> _RECORDED DATA_
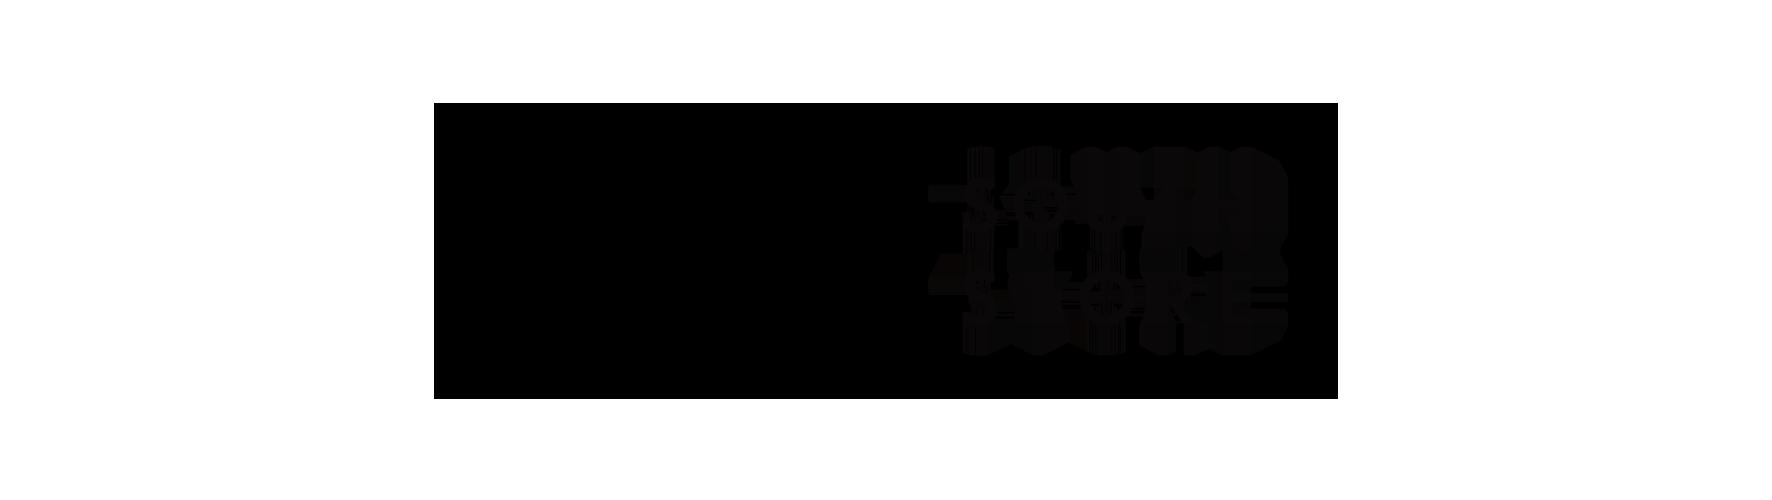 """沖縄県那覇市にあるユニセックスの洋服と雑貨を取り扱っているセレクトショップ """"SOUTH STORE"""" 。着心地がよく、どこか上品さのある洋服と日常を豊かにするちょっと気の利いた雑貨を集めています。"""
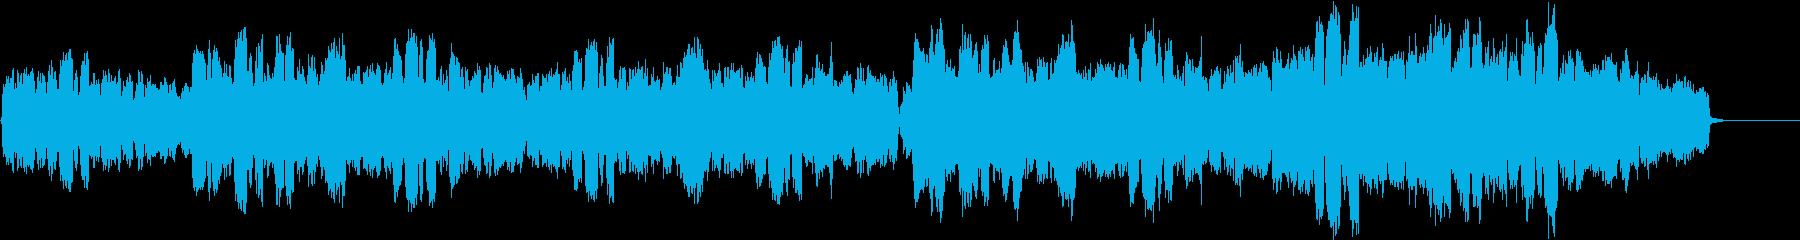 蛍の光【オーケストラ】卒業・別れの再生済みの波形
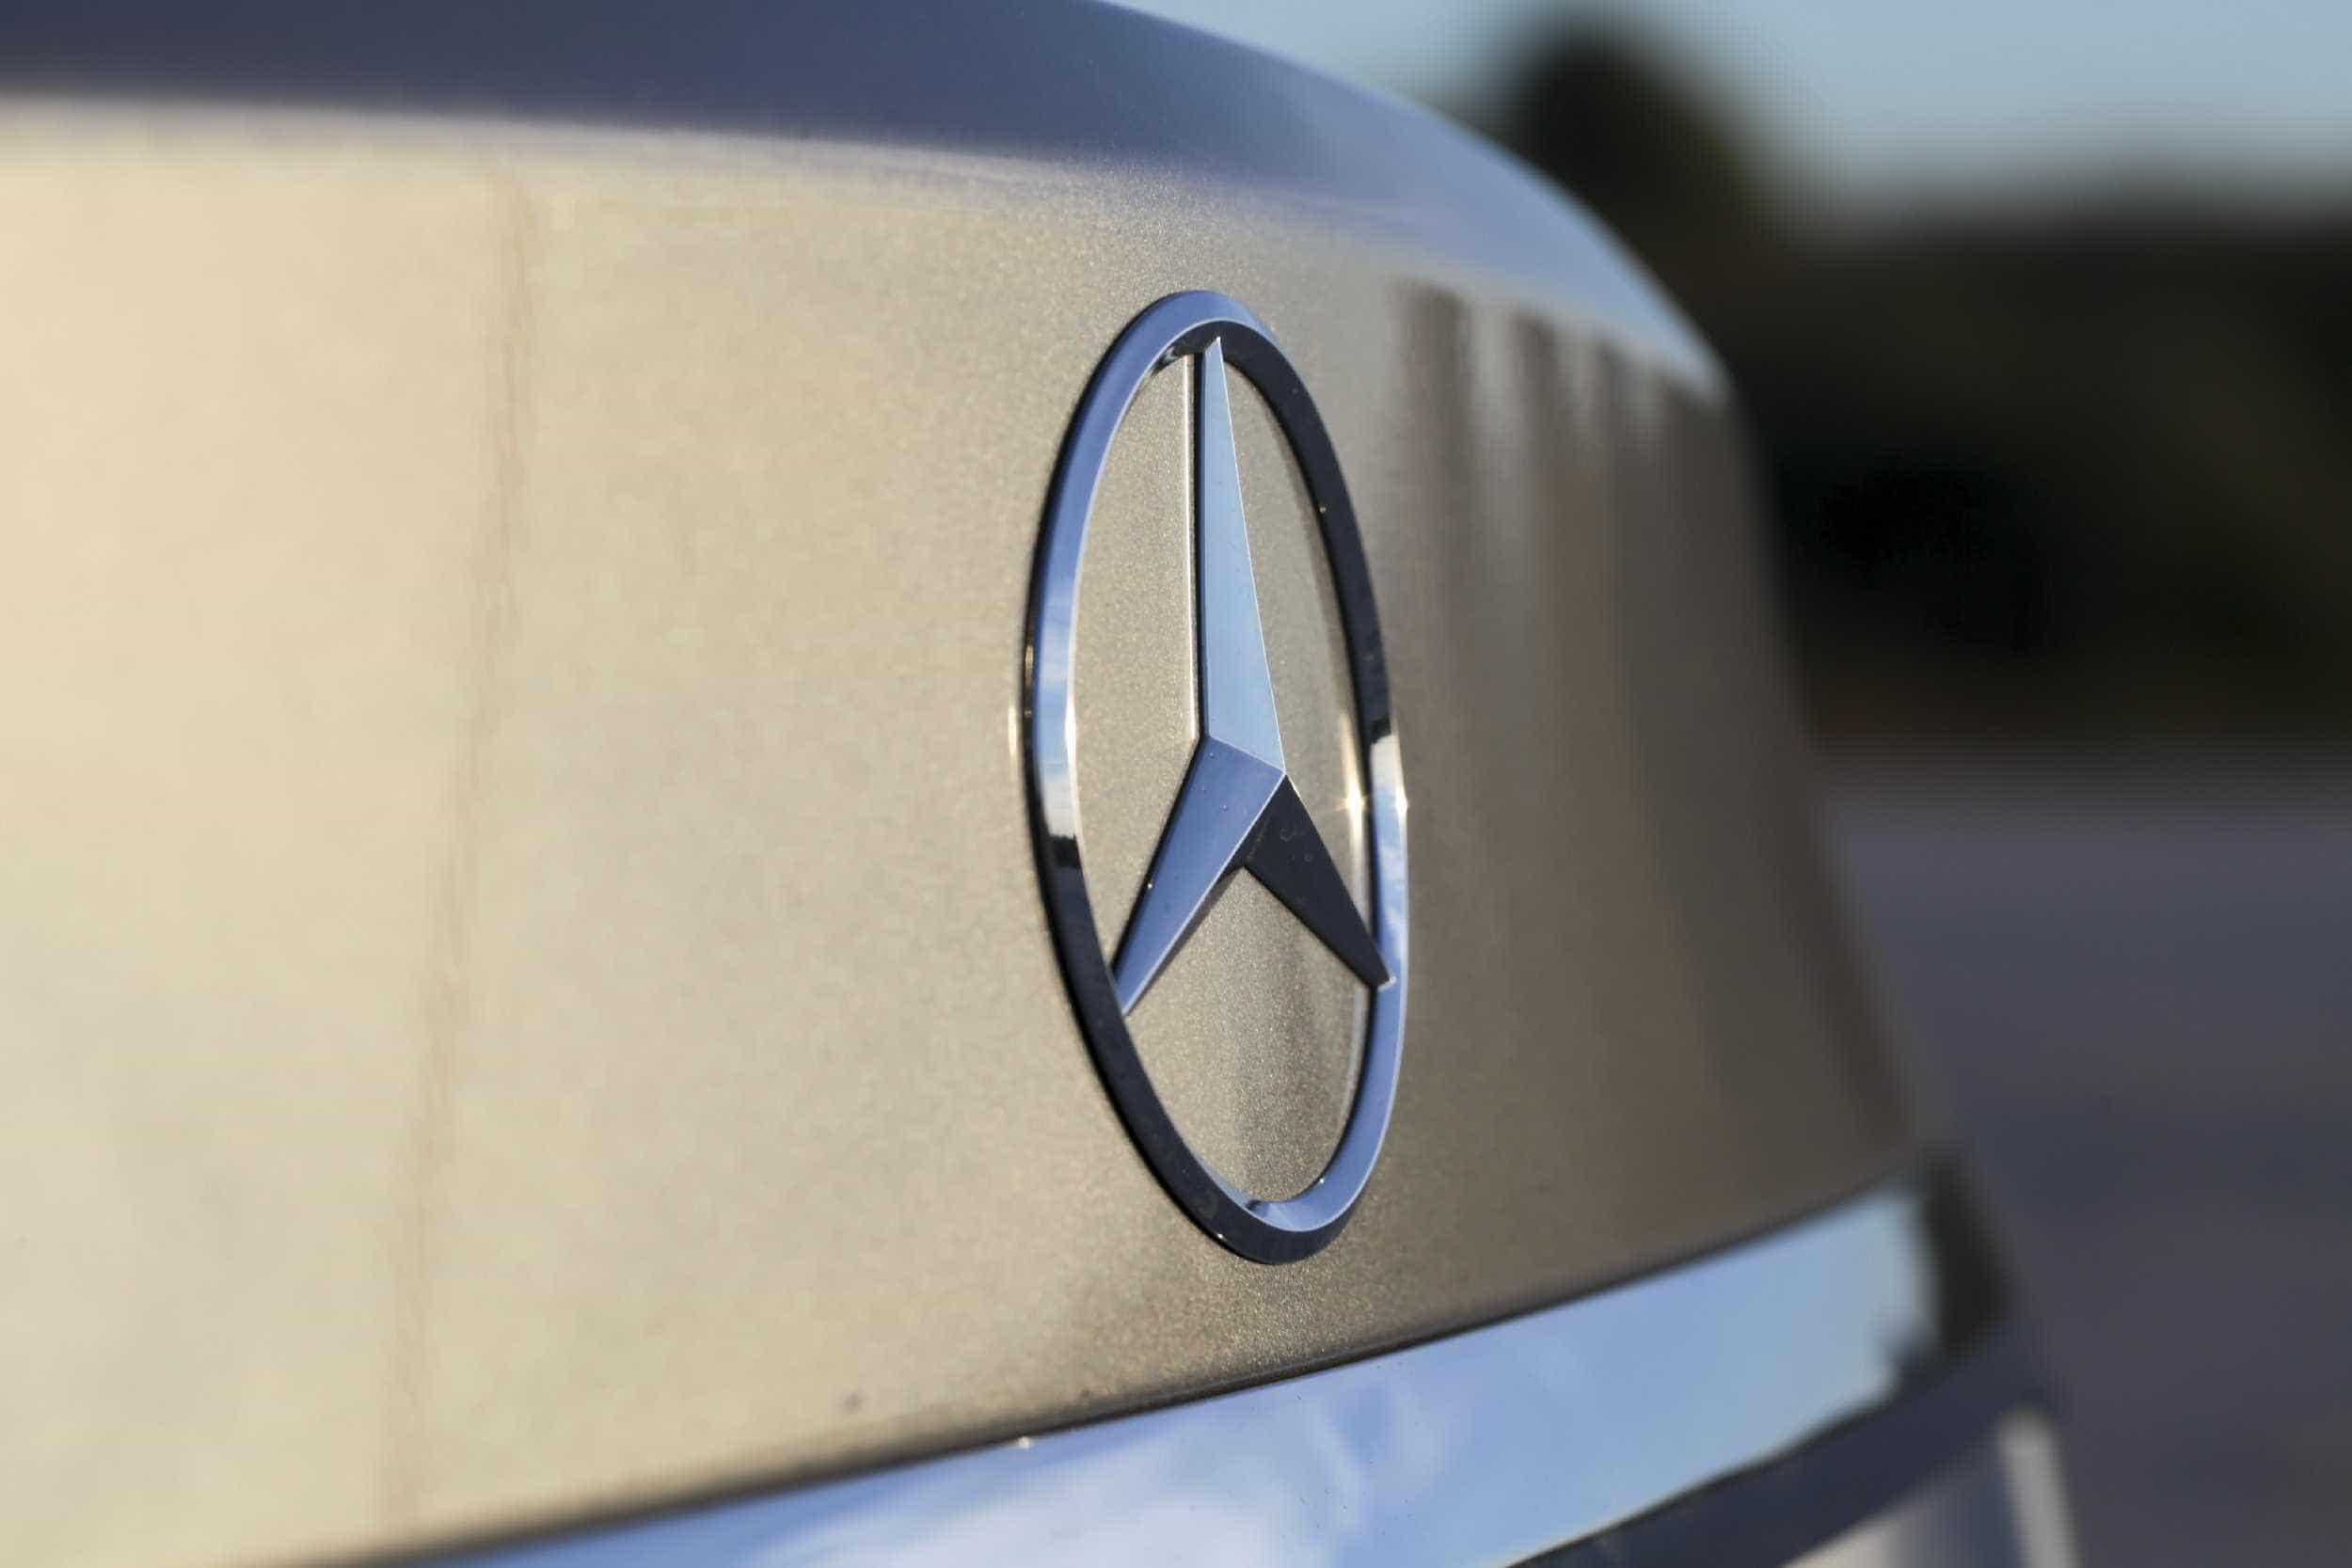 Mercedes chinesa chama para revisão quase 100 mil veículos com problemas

> _TRY IT_
From the first line to the last, return the material above exactly, apart from the pictures.

> _SOLUTION FOR THIS PROBLEM_
 """沖縄県那覇市にあるユニセックスの洋服と雑貨を取り扱っているセレクトショップ """"SOUTH STORE"""" 。着心地がよく、どこか上品さのある洋服と日常を豊かにするちょっと気の利いた雑貨を集めています。"""
 蛍の光【オーケストラ】卒業・別れの再生済みの波形
 Mercedes chinesa chama para revisão quase 100 mil veículos com problemas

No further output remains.